Политическая партия старого стиля стала одной из жертв этих изменений, с уменьшением членства и падением явки на избирательные участки, как мы видели. От этих изменений пострадали политические партии старого образца: как мы помним, они теряли членов, а на выборы приходило все меньше людей. Другим пострадавшим был почти столь же уважаемый европейский институт — публичный интеллектуал. Конец XIX века отмечен расцветом политически ангажированных интеллектуалов — в Вене, Берлине, Будапеште, но прежде всего в Париже: людей вроде Теодора Герцля[544]
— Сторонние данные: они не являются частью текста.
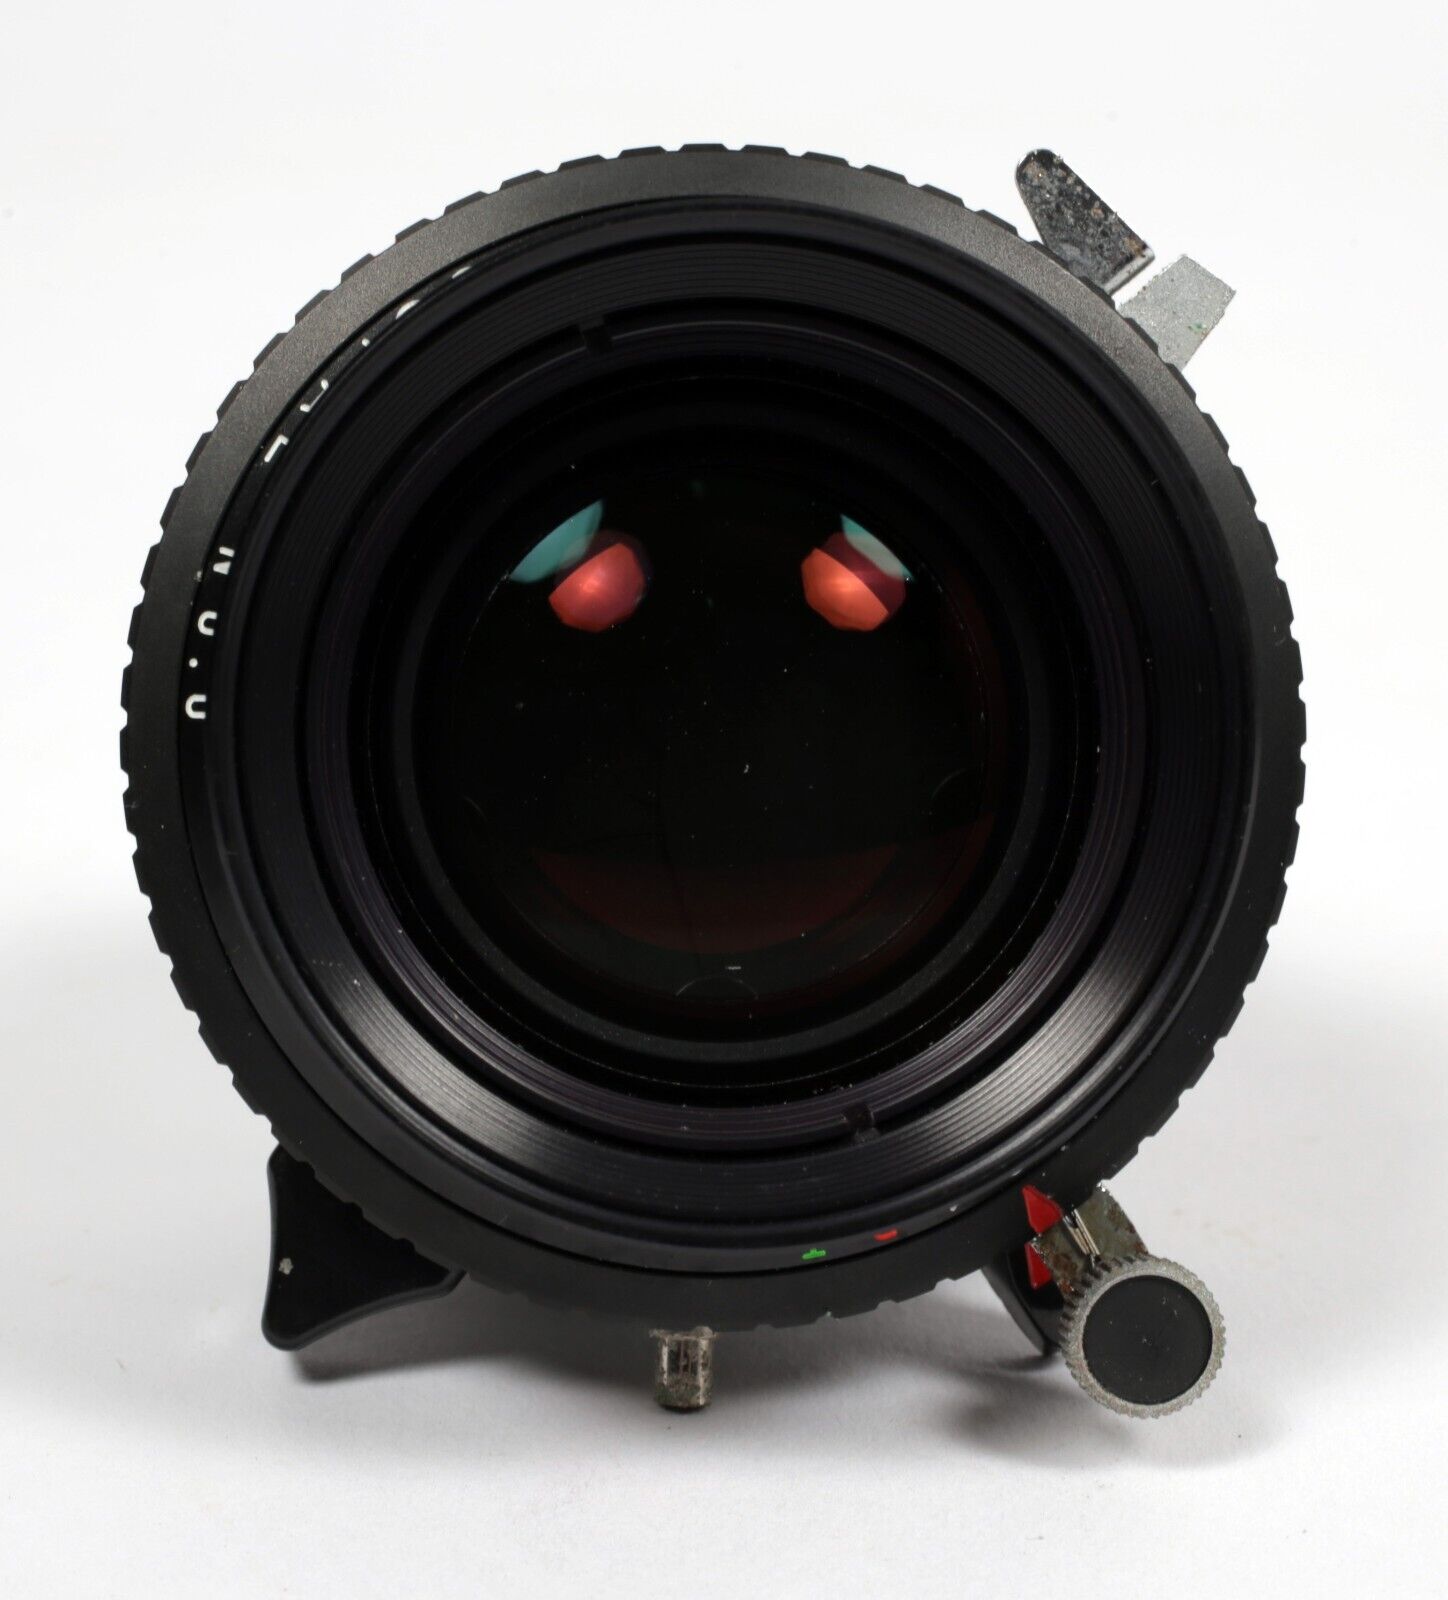 Rodenstock Apo-Sironar-S 150mm F5.6 Lens in Copal #0 Shutter #8952 | CatLABS

, Карла Крауса[545] или Леона Блюма[546]. На европейской сцене столетие спустя их потенциальные преемники были если не полностью отсутствуют, то все больше отодвинуты на задворки.Для упадка европейских интеллектуалов существовали различные причины (это явление всегда было нетипичным для Британии, а его единичные проявления обычно становились последствиями эмиграции, как в случае Артура Кестлера или Исайи Берлина). В Центральной и Восточной Европе вопросы, которыми когда-то занималась политическая элита — марксизм, тоталитаризм, права человека или переходная экономика, — у младших поколений теперь вызывали скуку и безразличие. Стареющие моральные авторитеты вроде Гавела или бывшие политические герои, как Михник, неизбежно ассоциировались с прошлым, которое мало кого интересовало. То, что Чеслав Милош однажды назвал «раздражением восточноевропейских интеллектуалов» из-за одержимости американцев чисто материальными продуктами, теперь все больше было направлено на их собственных сограждан.
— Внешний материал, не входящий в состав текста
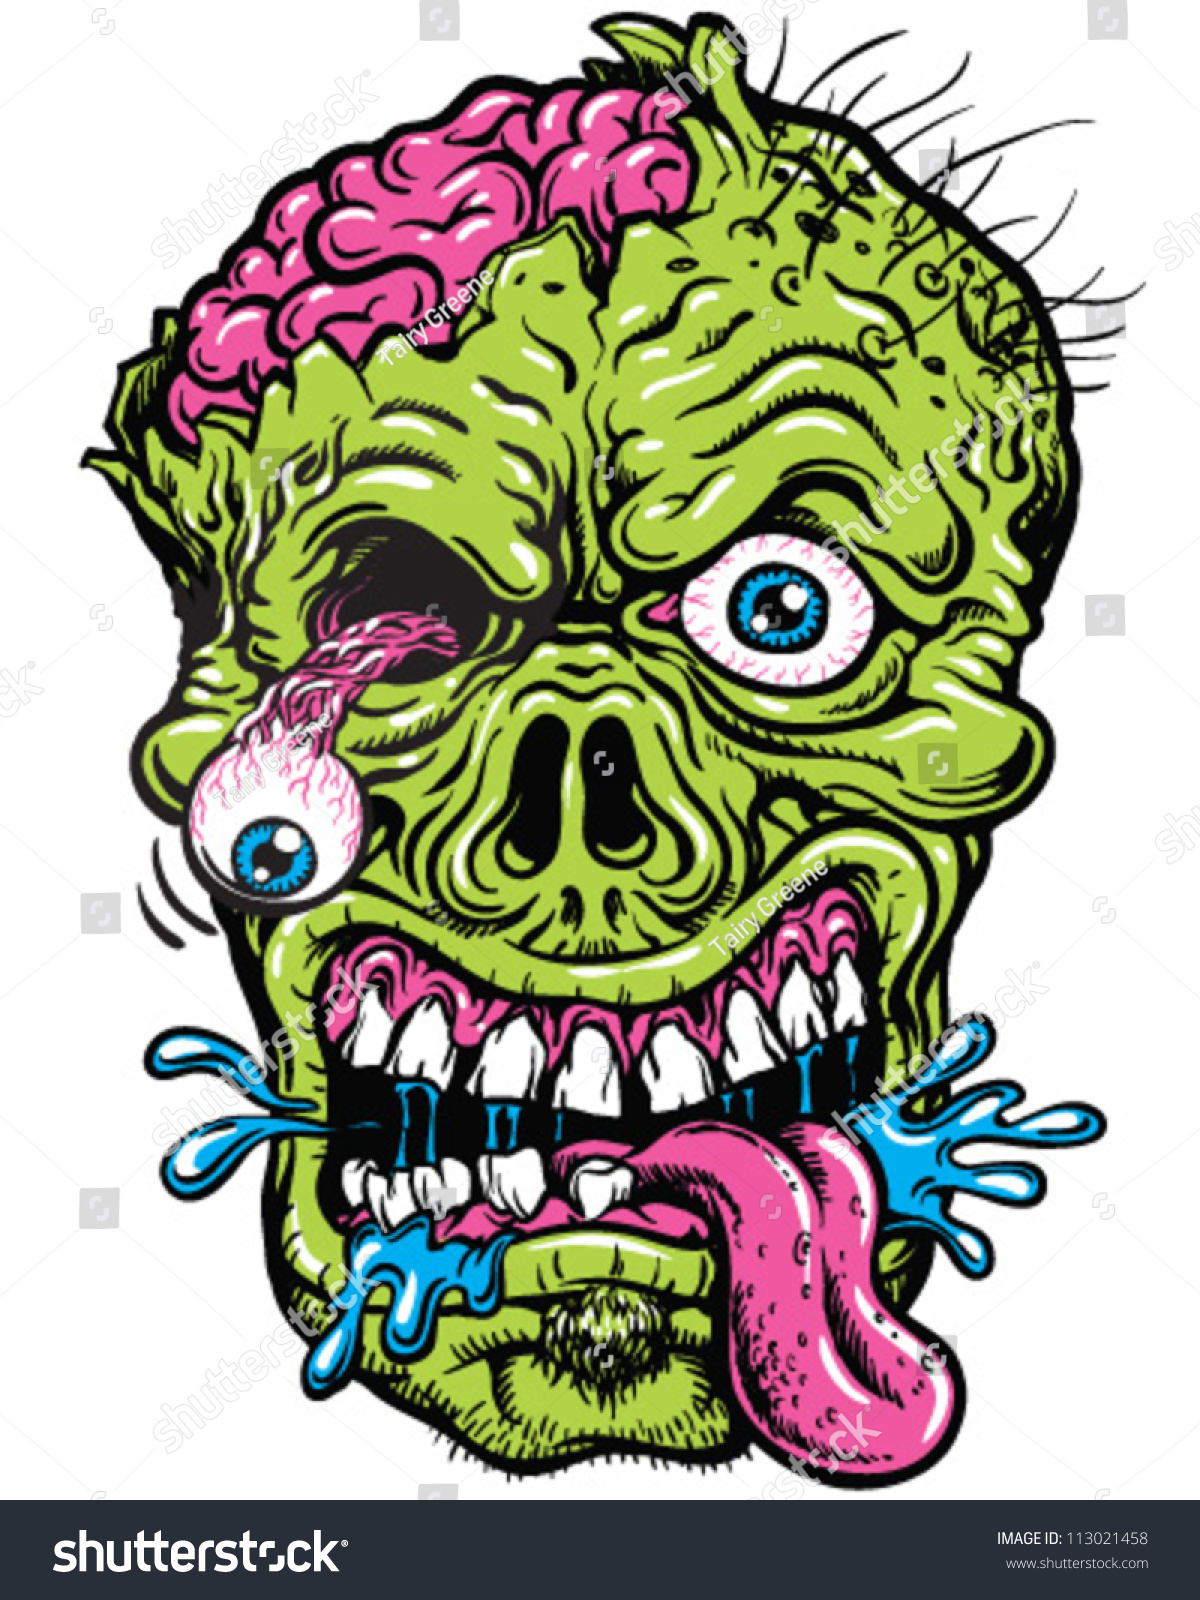 zombie clipart vector - photo #42

В Западной Европе проповедническая функция интеллектуала не исчезла полностью — читатели немецкой или французской качественной прессы все еще периодически подвергались пылким политическим проповедям Гюнтера Грасса или Режиса Дебре — но она потеряла свою цель. Было много частных грехов, против которых могли бы выступать общественные моралисты, но не было общей цели или идеала, во имя которых можно было бы мобилизовать своих последователей. Фашизм, коммунизм и война были изгнаны с континента вместе с цензурой и смертной казнью. Аборты и контрацепция были почти повсеместно доступны, гомосексуализм свободно разрешался и открыто практиковался. Грабеж свободного капиталистического рынка, глобального или локального, и далее вызвал критику интеллектуалов из всех стран; но при отсутствии убедительного антикапиталистического контрпредложения эта дискуссия больше подходила аналитическим центрам, чем философам.
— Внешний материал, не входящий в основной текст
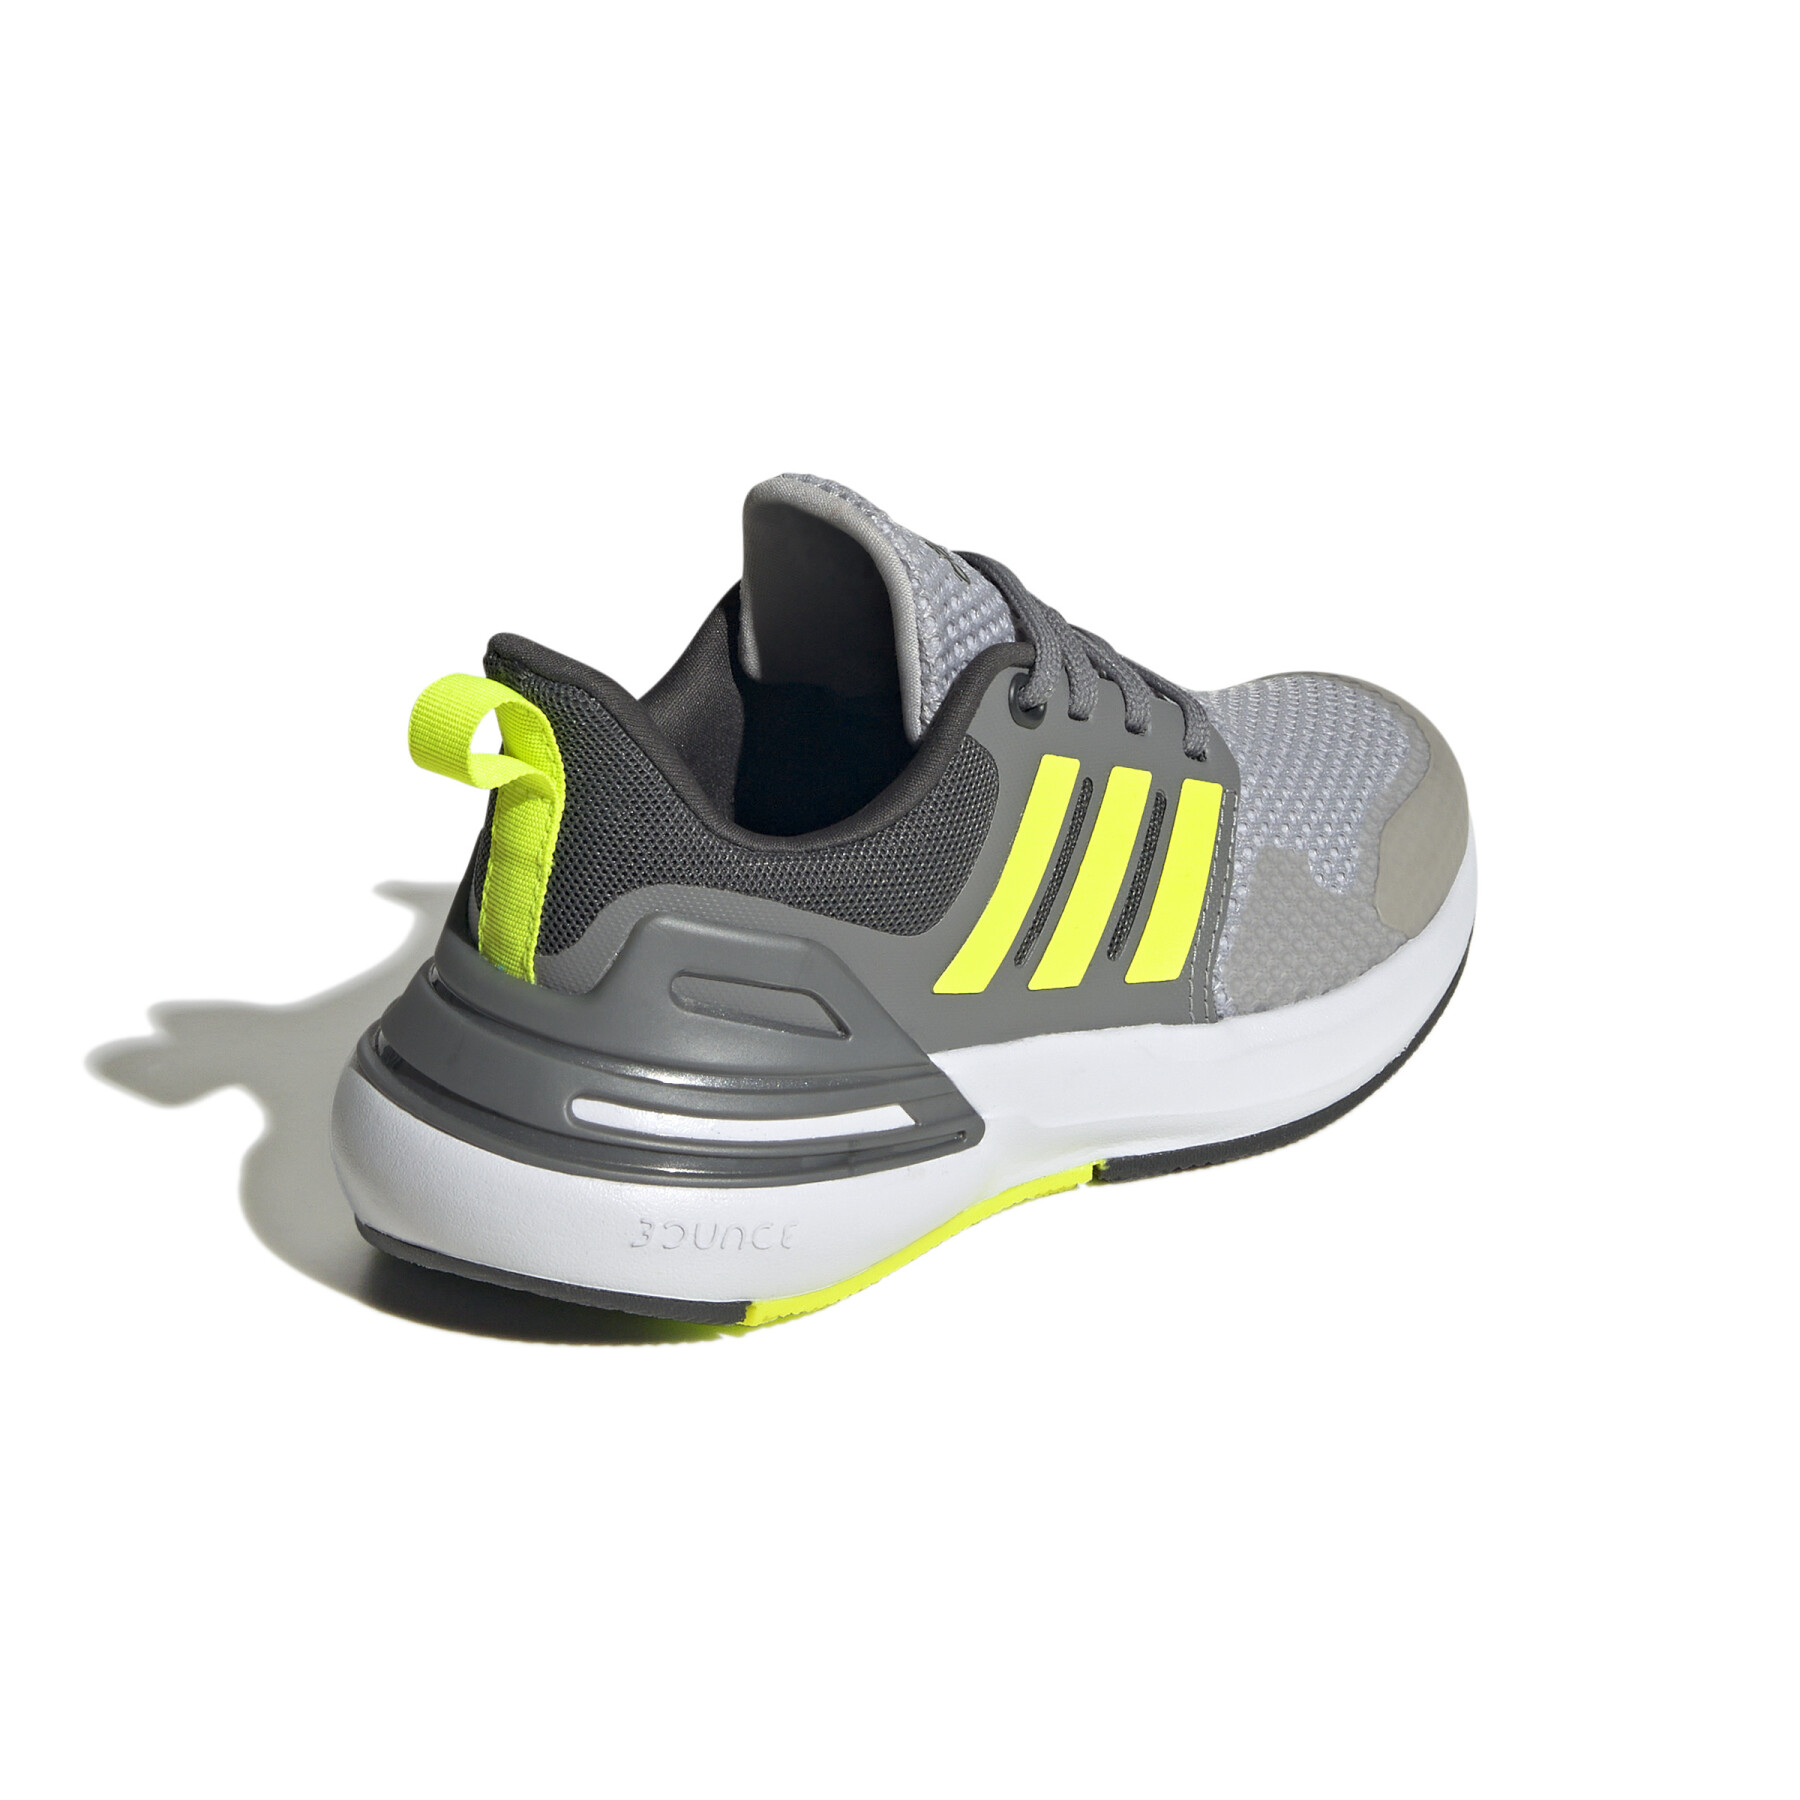 Chaussures de running adidas RapidaSport

Единственной сферой, где европейские интеллектуалы еще могли совместить моральную искренность с универсальными политическими рекомендациями, была внешняя политика, свободная от сложных внутриполитических компромиссов и в которой вопросы правды и неправды, жизни и смерти все еще были очень актуальны. Во время югославских войн интеллектуалы из Западной и Восточной Европы заняли активную позицию. Некоторые, как Ален Финкелькраут в Париже телом и душой болели за хорватов. Другие, в частности во Франции и Австрии, осудили западное вмешательство как возглавляемое Америкой нападение на сербскую автономию, что основывалось на (как они утверждали) преувеличенных или даже вымышленных рассказах о преступлениях, которых на самом деле никогда не было. Большинство отстаивали необходимость вмешательства в Боснию или Косово на общих принципах, опираясь на правовые аргументы, которые впервые были сформулированы за двадцать лет до того, и подчеркивая геноцидный характер действий сербских сил.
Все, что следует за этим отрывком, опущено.